Pistol-whipping or buffaloing is the act of using a handgun as a blunt weapon, wielding it as an improvised club or whip. Such a practice dates to the time of muzzle loaders, which were brandished in such fashion in close-quarters combat once the weapon's single projectile had been expended.

== Etymology ==
The term buffaloing is documented as being used in the Wild West originally to refer to the act of being intimidated or cheated by bluffing. It would develop into a term meaning to strike someone with a handgun in the 1870s when Stuart N. Lake reported Wyatt Earp doing so. Wild Bill Hickok would also be a prominent practitioner of the technique. The new use of the term developed because the act of hitting someone with their revolver was seen as an additional insult to the character of the victim.

The modern terms pistol-whipping and to pistol-whip were reported as "new words" of American speech in 1955, with cited usages dating to the 1940s.

==Method==
The practice of using the handgun itself as a blunt-force weapon began with the appearance of muzzle loaders in the 15th century. Single-shot weapons that were time-consuming to reload were used to strike opponents directly in close-quarters combat after their projectile had been expended. It was entirely up to circumstance whether the user had time or chose to reverse the gun in their hand and strike a blow with its handle or merely swung the heavy weapon as a club or baton while holding it normally.
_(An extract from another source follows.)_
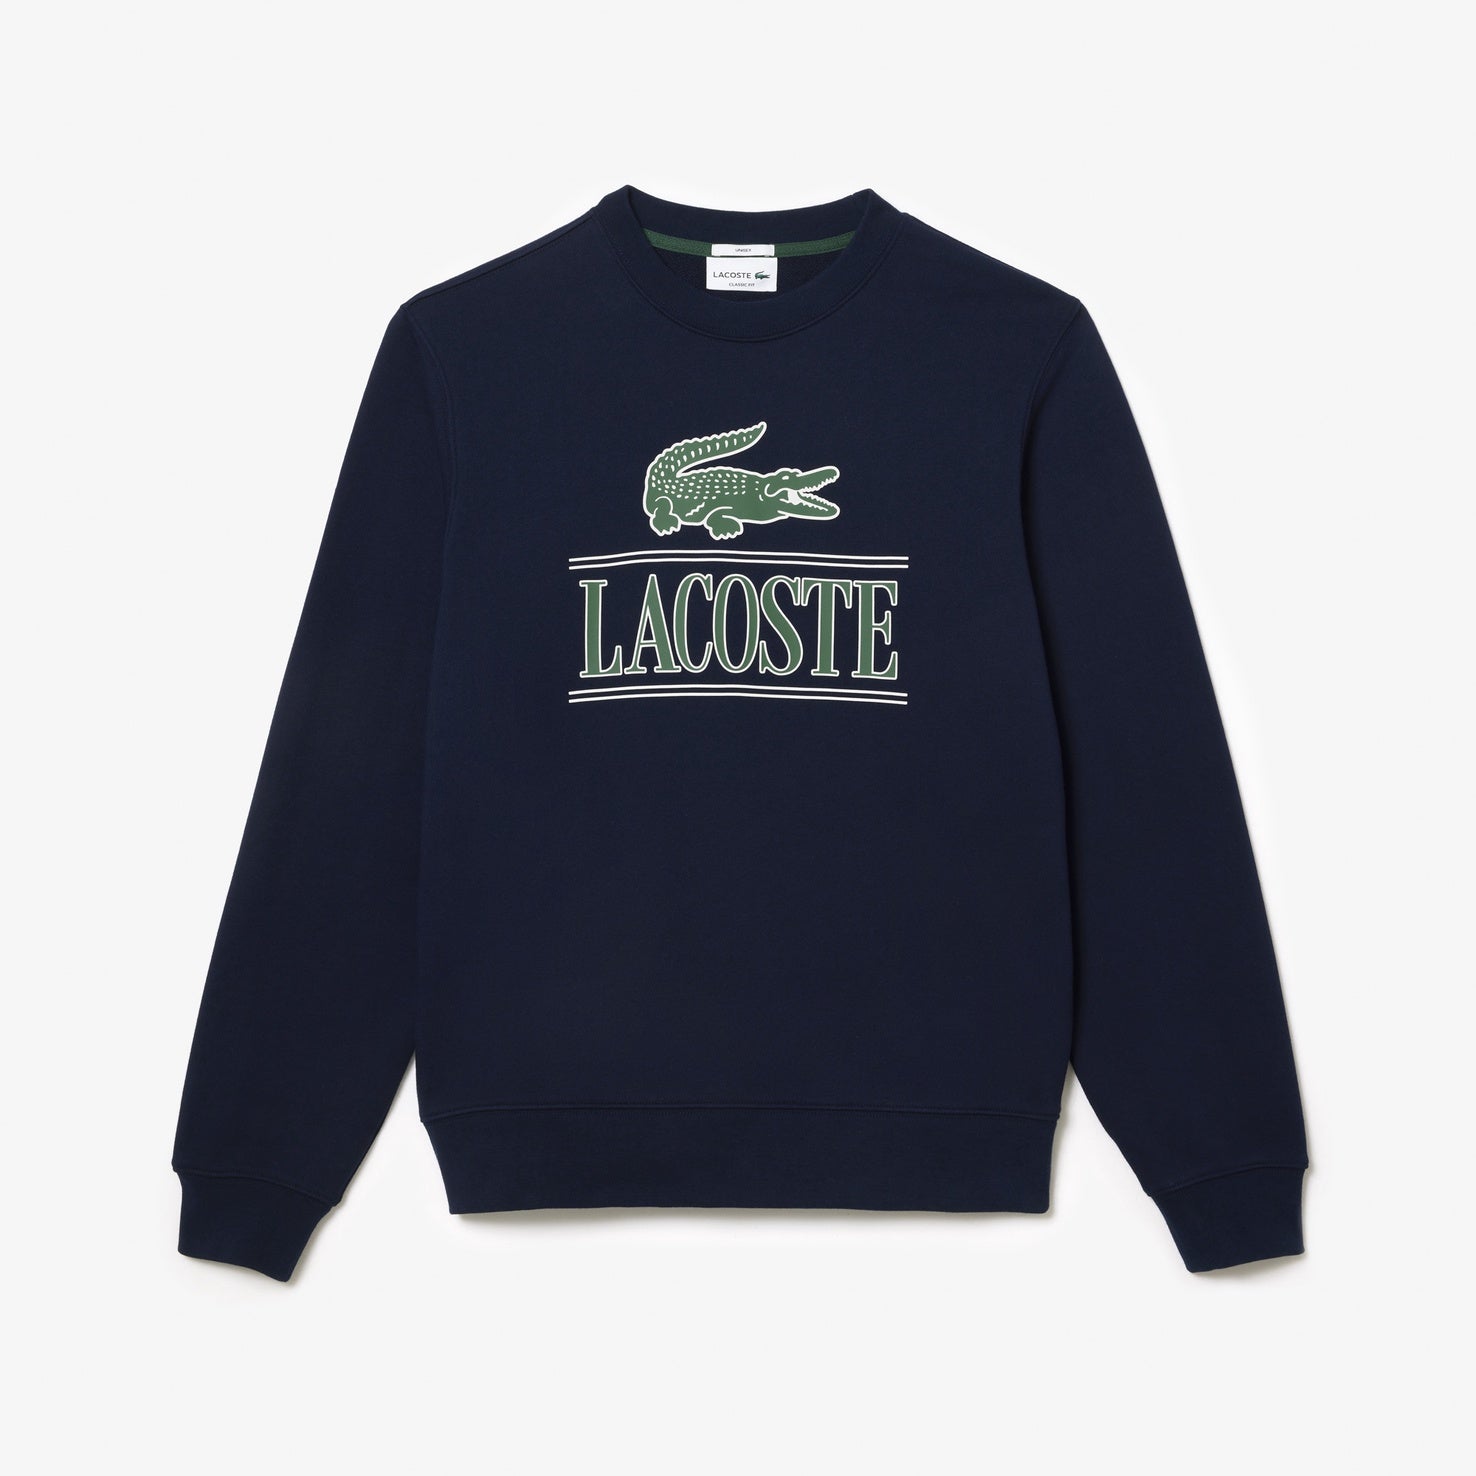 Lacoste Cotton Fleece Branded Sweatshirt Navy Blue SH1228 166
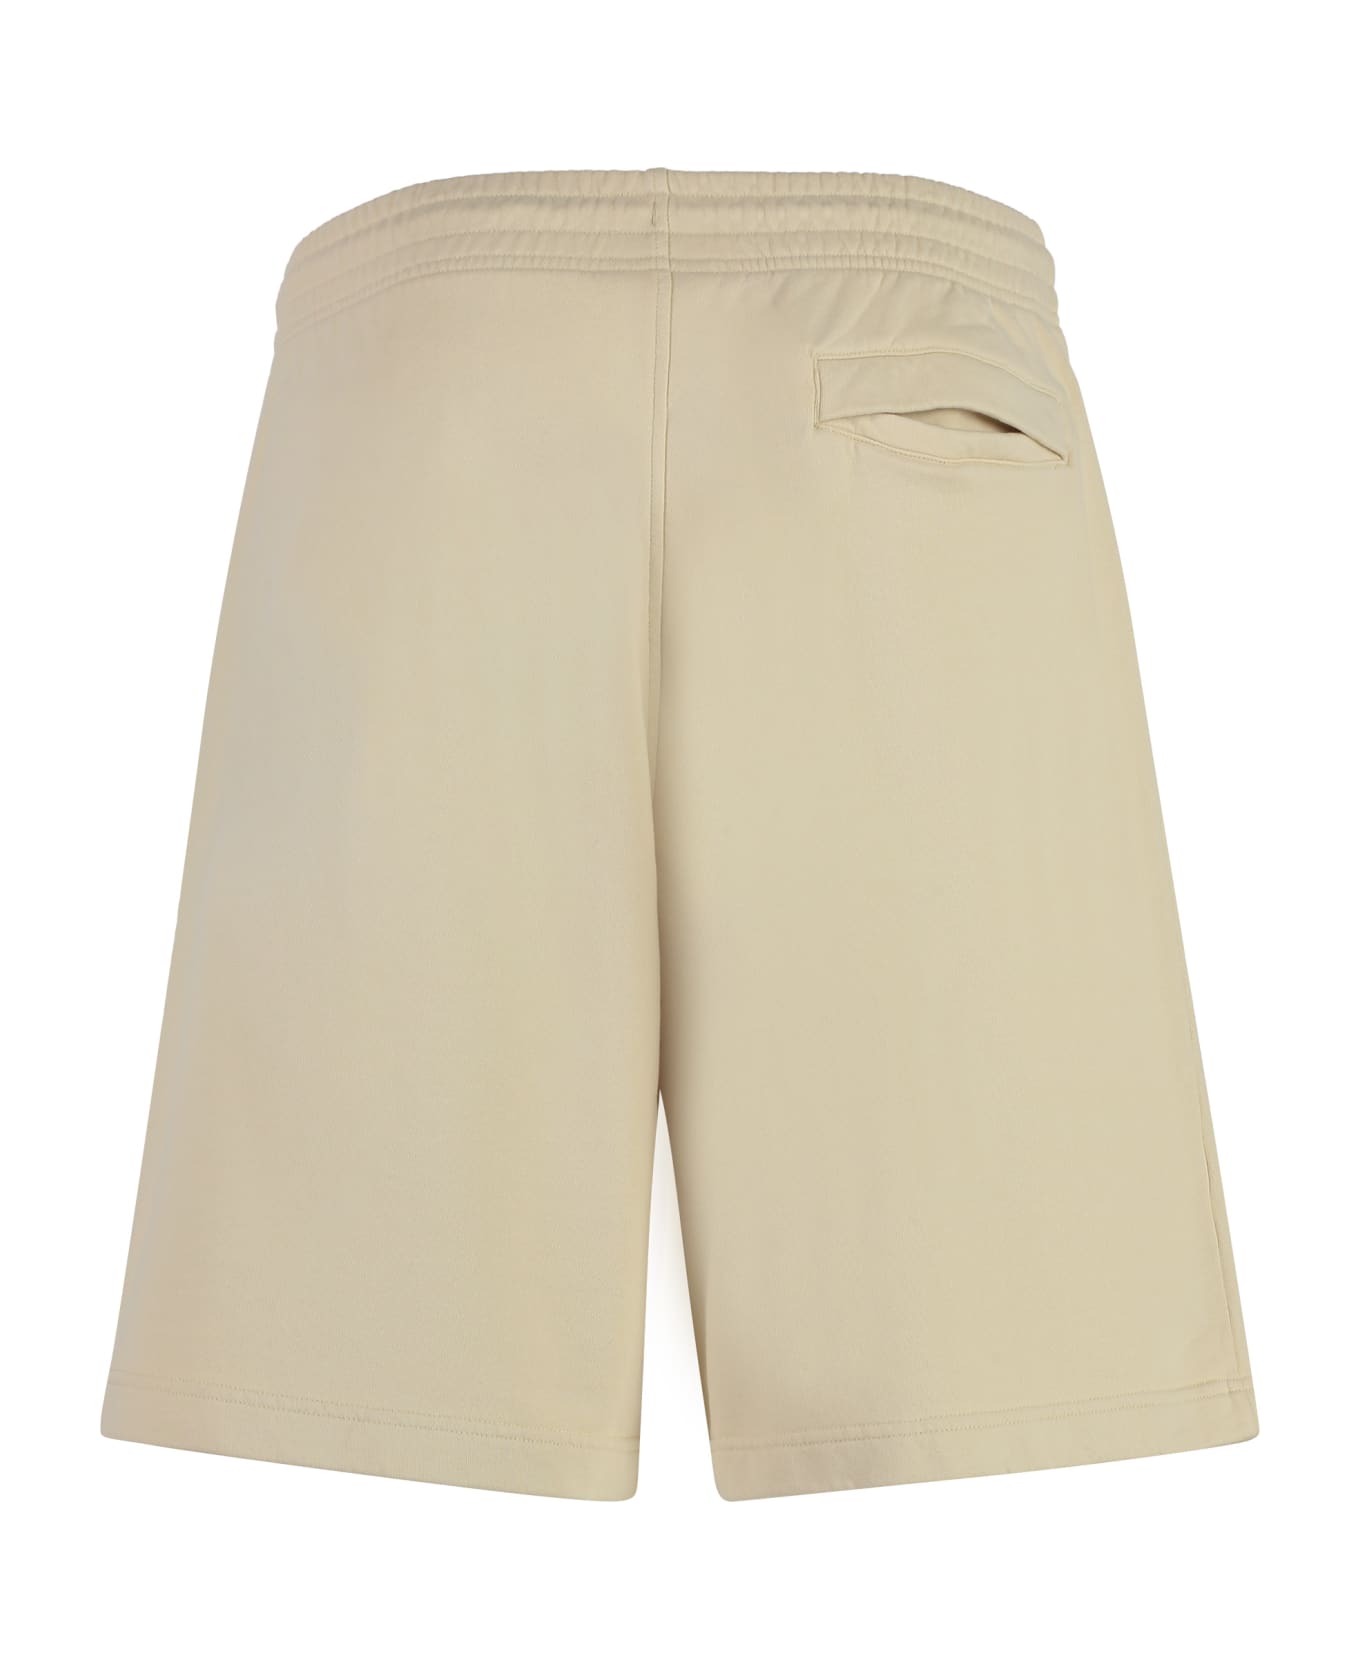 Maison Kitsuné Cotton Bermuda Shorts - Beige

There are arguments as to the efficacy of either approach. Author Paul Wellman notes that clubbing an opponent with the butt of a gun held by its barrel, as seen in some Westerns, is problematic. First, the danger of an unintentional discharge could fatally wound the wielder. Second, many early revolvers of the black-powder cap and ball era were relatively fragile around their cylinders relative to solid single-shot weapons. Third, rotating a gun so that it can be held by its barrel takes extra time, potentially crucial in a conflict.

To avoid the risk of damage or potential delay, pistol-whipping may be done with the gun held in an ordinary manner, hitting the target with an overhand strike from either the barrel or the flank of the gun above the trigger. It was a fairly common way to incapacitate a man in Western frontier days (assisted by the heavy weight of the handguns of the era), known as "buffaloing", with the verb form being "to buffalo".

==Forensics==
Pistol whipping may leave unusual lacerations on the body of the injured due to various protruding details of the pistol. When blows are struck using the butt of the weapon rather than its barrel or flank, semicircular or triangular lacerations on the skin may be produced. The magazine well at the bottom of a semi-automatic pistol and its surrounding base produce rectangular lacerations on the skin. These lacerations can vary in depth and severity, but "whipped" fractures are common. The skin underneath the "whipped" area often will not present with bruising because the skin is split and not crushed.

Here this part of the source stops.